奇妙なことに七月二七日午後一一時南京政府は、北支行政当局と日本軍守備隊司令官との問で結ばれた協定に基づいて交渉しよう、という内容の暖味に表現された申し出を携えて日本に歩み寄ってきているのである。しかしもう時既に遅し、であった。南京政府が自ら賽を投げてしまったのである。中国は事実上日本に対して「来るなら来い。戦争したければしようではないか」と言っているのも同然であった。この午後一一時の申込が、中国が平和を望んでいるという見せかけの姿勢にもっともらしさをただ与えるためだけの目的で、外国の目を意識しながらなされたのは明らかであった。それを実行に移すにはもう時既に遅しであることを十分承知の上でその申込はなされた。
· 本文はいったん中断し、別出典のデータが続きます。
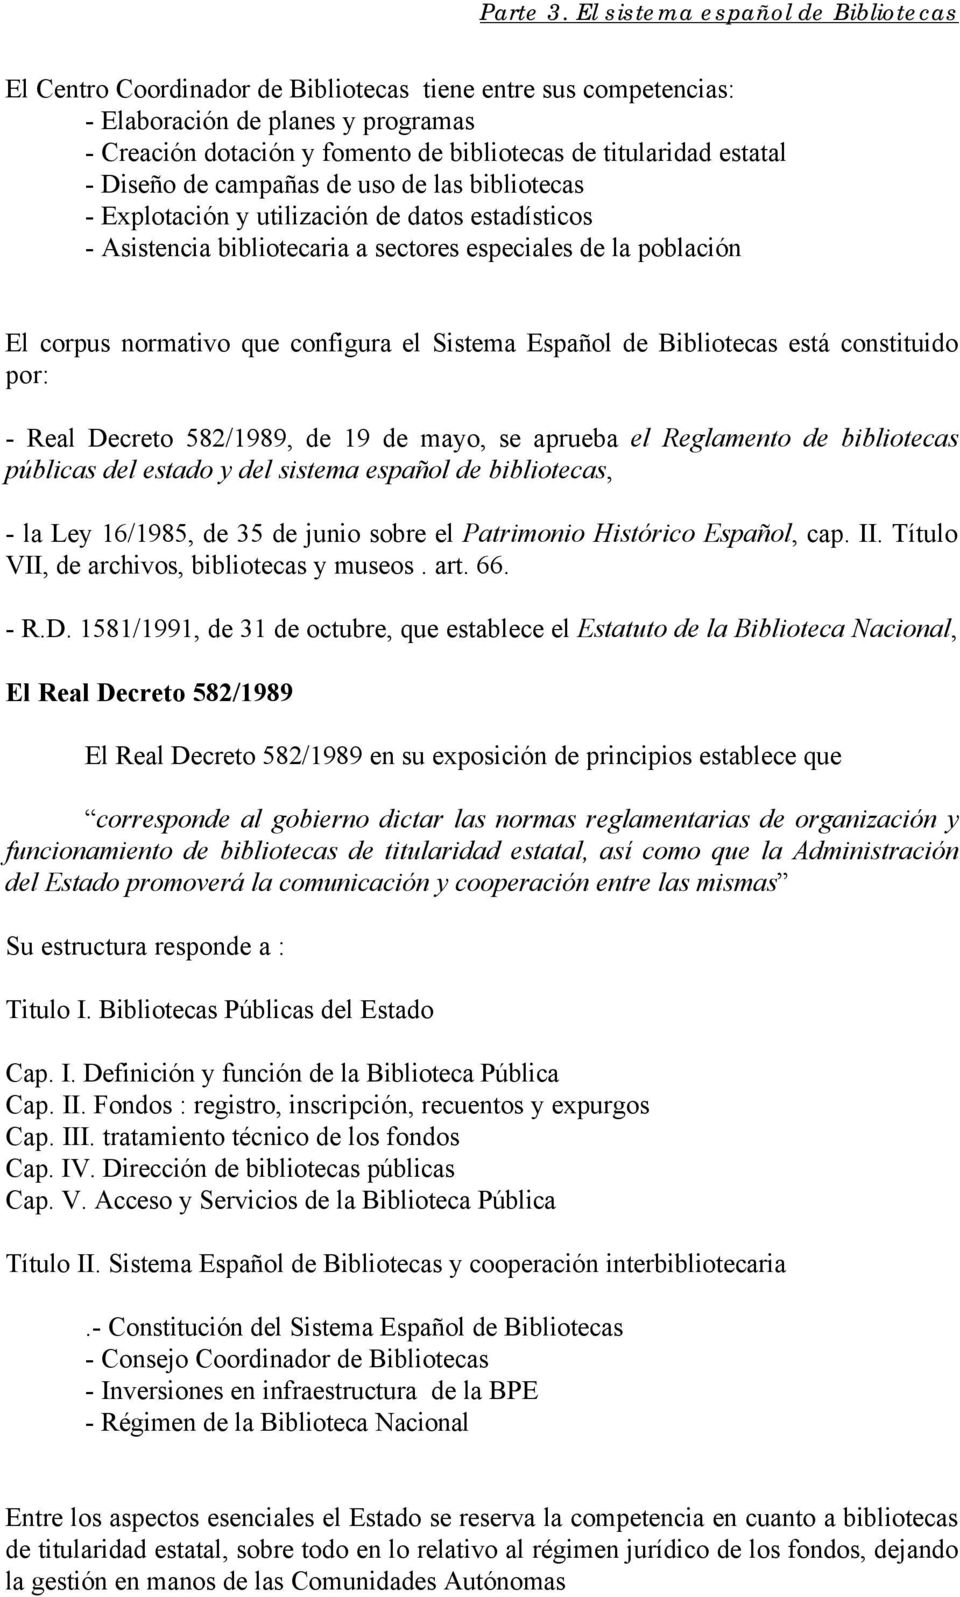 Bibliotecas está constituido por: - Real Decreto 582/1989, de 19 de mayo, se aprueba el Reglamento de bibliotecas públicas del estado y del sistema español de bibliotecas, - la Ley 16/1985, de 35 de

さらにまたこれまで我々が見てきたように、これに先行する三週間の間の出来事が、中国人の約束は当てにならないということを完全に裏付けていた。もしも南京政府が心底交渉を望んでいるのであれば、彼らは戦争の準備を中止し、北支の幾っかの地域から軍隊を撤退すべきであった。南京政府はこれをするのを拒否した。南京政府は相手の手札よりも自分の手札を高く競り、一般大衆のみならず兵士達の間にも反日感情を煽り立てた。

月二九日、二九路軍の三千人以上の兵士が北京の北の通州で二百人の日本の民間人を虐殺した。

同日の殆ど同時刻に二九路軍の兵士が天津の日本租界区域に攻撃を仕掛けてきた。そこには一万人以上の日本の民間人が居住していた。